In the 2024 season, Edwards started all 17 games and recorded 129 tackles during the season. While playing the Tennessee Titans in Week 1, Edwards tied a single-game career-high with 15 tackles and was tied for first in the league in tackles.

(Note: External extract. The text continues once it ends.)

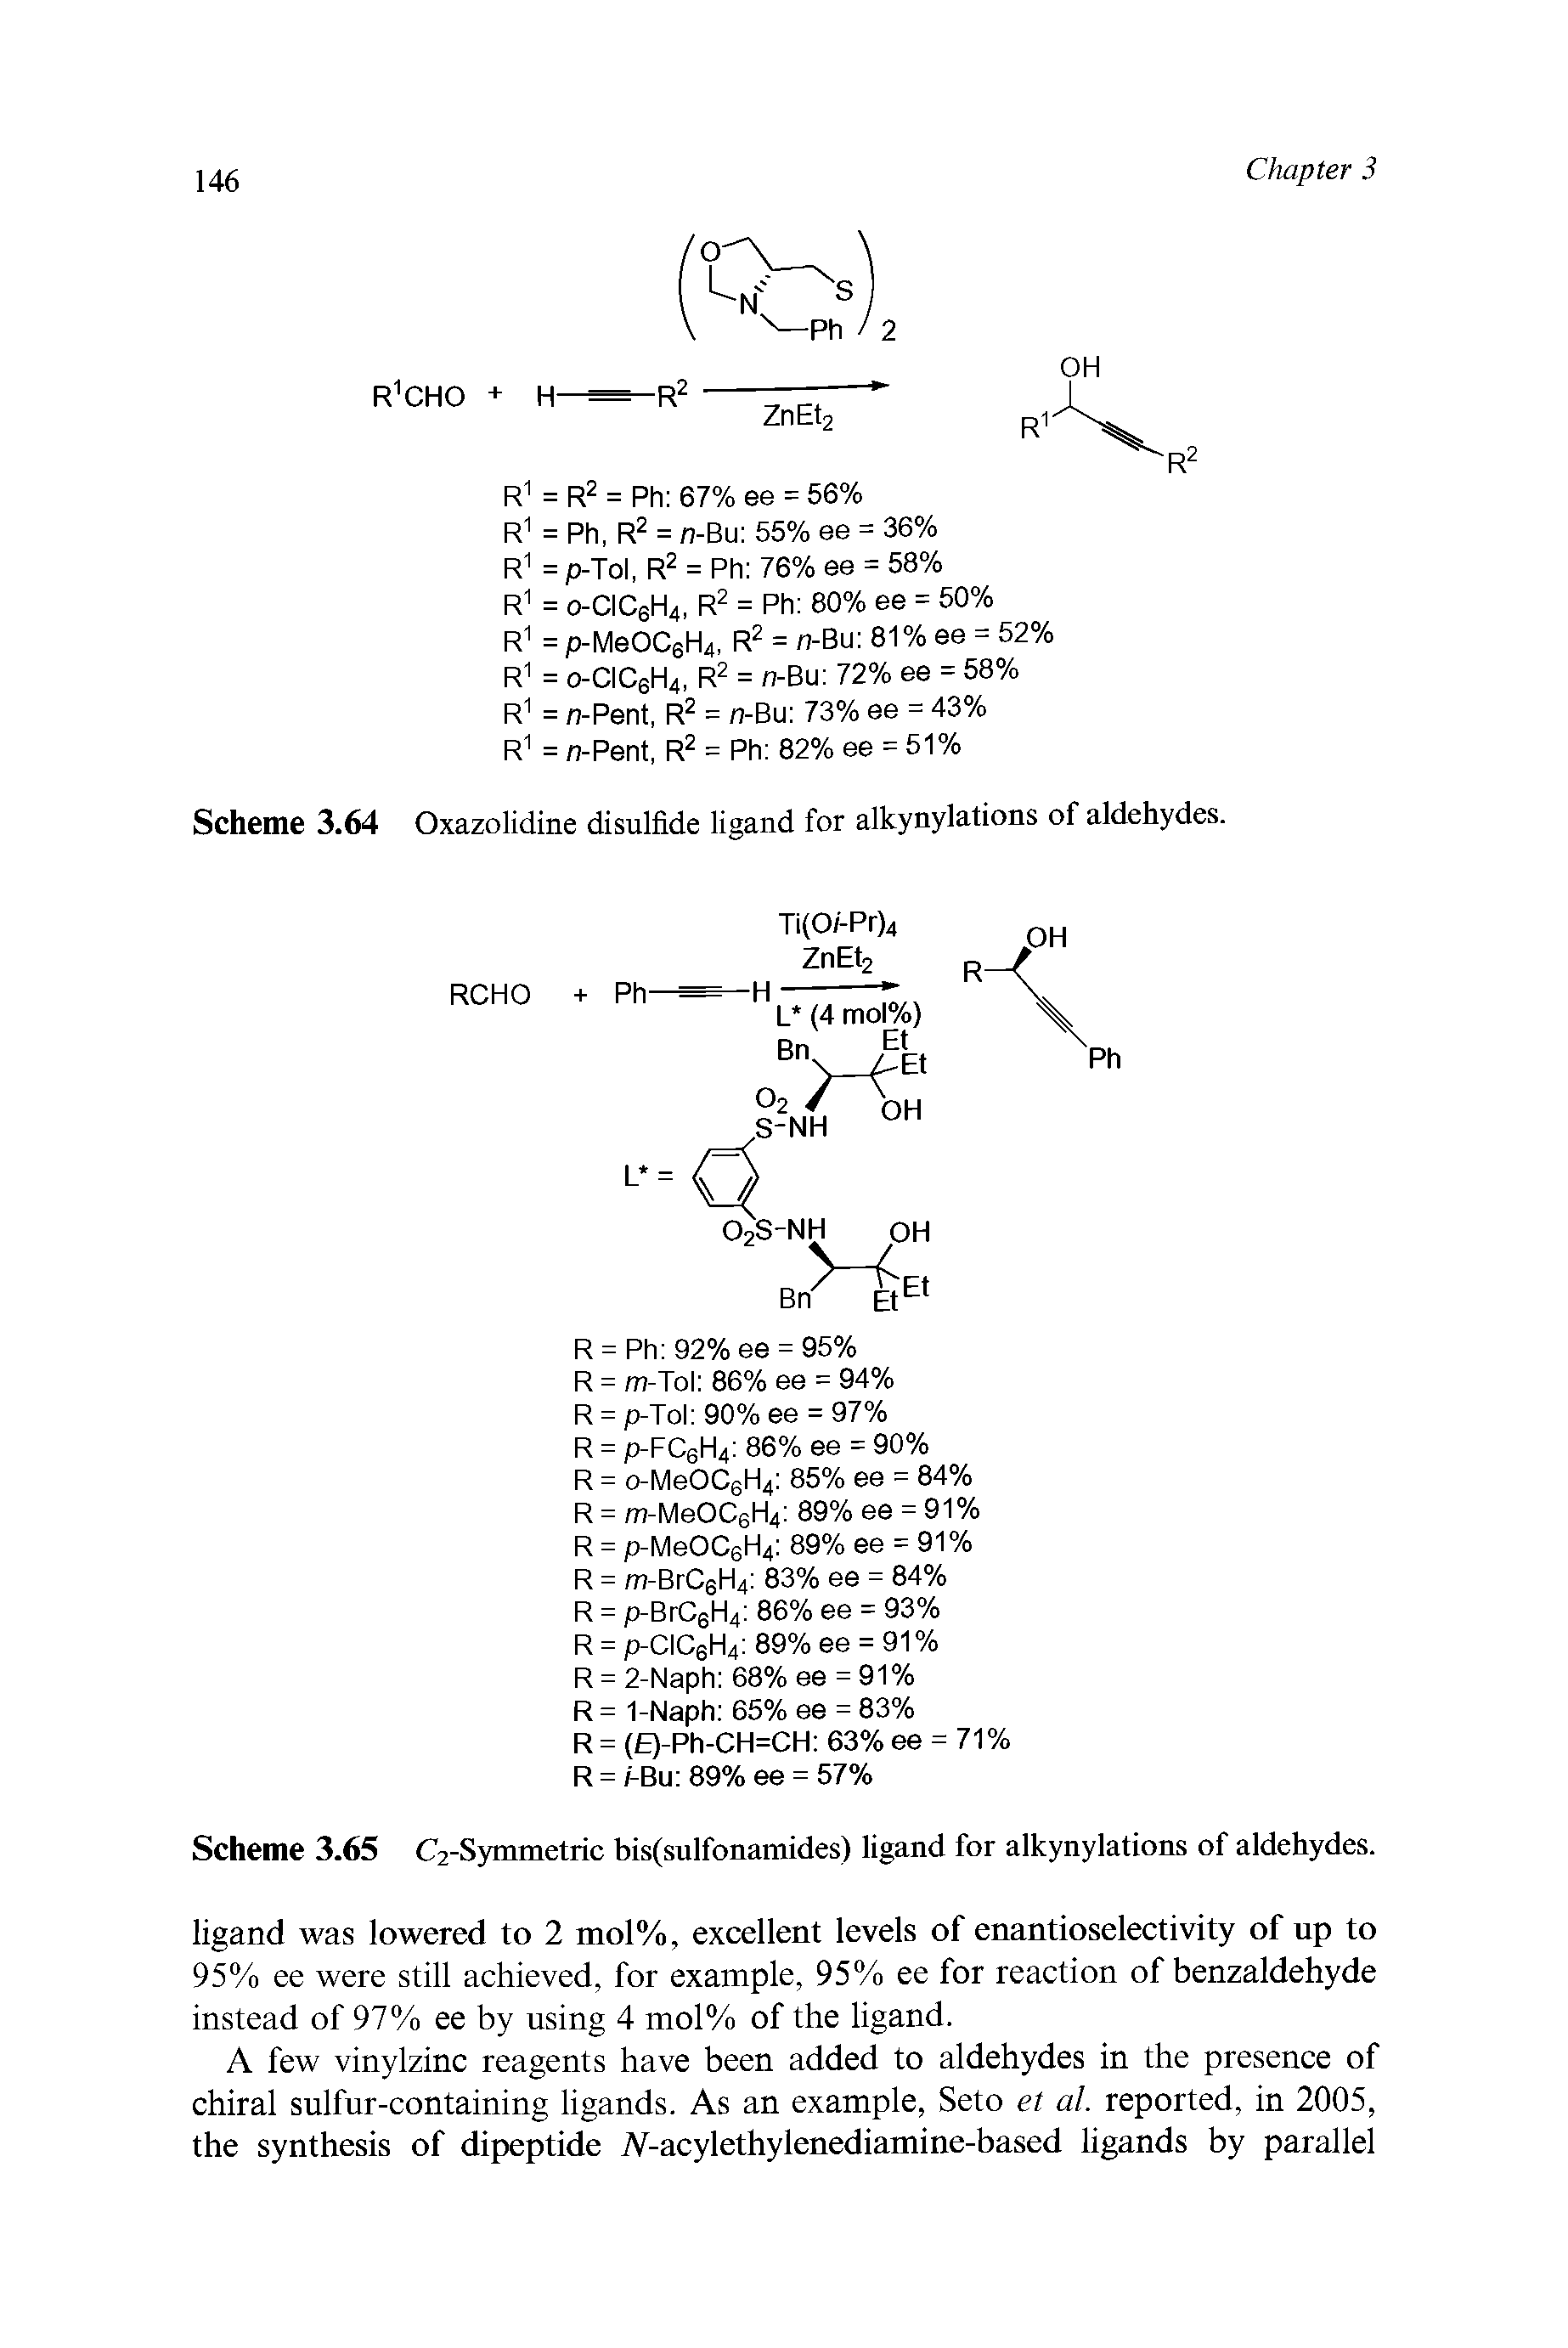 Scheme 3.64 Oxazolidine disulfide ligand for alkynylations of aldehydes.

On April 16, 2025, Edwards and the Bears agreed to a two-year, $20 million contract extension. On November 8, head coach Ben Johnson announced that Edwards had undergone surgery to repair a broken hand; he ultimately missed four contests as a result of the injury. In Week 17 against the San Francisco 49ers, Edwards intercepted Brock Purdy's first pass attempt of the game, returning it 34 yards for a touchdown. Edwards fractured his fibula in the Bears' wild card win, ending his season.

==NFL career statistics==

Legend
| Bold | Career high |

===Regular season===

Year: Team; Games; Tackles; Fumbles; Interceptions
GP: GS; Cmb; Solo; Ast; Sck; TFL; FF; FR; Yds; TD; Int; Yds; Avg; Lng; TD; PD
2019: PHI; 16; 4; 30; 15; 15; 0.0; 0; 0; 0; 0; 0; 0; 0; 0.0; 0; 0; 0
2020: PHI; 12; 12; 70; 37; 33; 2.0; 5; 2; 0; 0; 0; 1; 13; 13.0; 13; 0; 1
2021: PHI; 16; 14; 130; 64; 66; 1.0; 5; 0; 1; 0; 0; 1; 1; 1.0; 1; 0; 5
2022: PHI; 17; 17; 159; 99; 60; 2.0; 10; 0; 1; 0; 0; 0; 0; 0.0; 0; 0; 7
2023: CHI; 17; 17; 155; 91; 64; 2.5; 8; 1; 2; 0; 0; 3; 4; 1.3; 2; 0; 7
2024: CHI; 17; 17; 129; 79; 50; 4.0; 12; 1; 2; 0; 0; 1; 0; 0; 0; 0; 3
2025: CHI; 10; 10; 67; 33; 34; 0.5; 2; 0; 0; 0; 0; 1; 34; 34.0; 34; 1; 5
2026: CHI; 2; 2; 5; 2; 3; 0.0; 0; 0; 0; 0; 0; 0; 0; 0.0; 0; 0; 0
Career: 107; 93; 745; 420; 325; 12.0; 42; 4; 6; 0; 0; 7; 52; 51.4; 34; 1; 28

===Postseason===

Year: Team; Games; Tackles; Fumbles; Interceptions
GP: GS; Cmb; Solo; Ast; Sck; TFL; FF; FR; Yds; TD; Int; Yds; Avg; Lng; TD; PD
2019: PHI; 1; 0; 2; 2; 0; 0.0; 0; 0; 0; 0; 0; 0; 0; 0.0; 0; 0; 0
2021: PHI; 1; 1; 6; 4; 2; 0.0; 0; 0; 0; 0; 0; 0; 0; 0.0; 0; 0; 0
2022: PHI; 3; 3; 13; 10; 3; 0.0; 0; 0; 0; 0; 0; 0; 0; 0.0; 0; 0; 1
2025: CHI; 1; 1; 0; 0; 0; 0.0; 0; 0; 0; 0; 0; 0; 0; 0.0; 0; 0; 0
Career: 6; 5; 21; 16; 5; 0.0; 0; 0; 0; 0; 0; 0; 0; 0.0; 0; 0; 1

==Personal life==
Edwards is a Christian. He got engaged to his girlfriend Kelly Jo in January 2022. They got married in March 2023 at Pueblo Bonito Pacifica, Cabo San Lucas.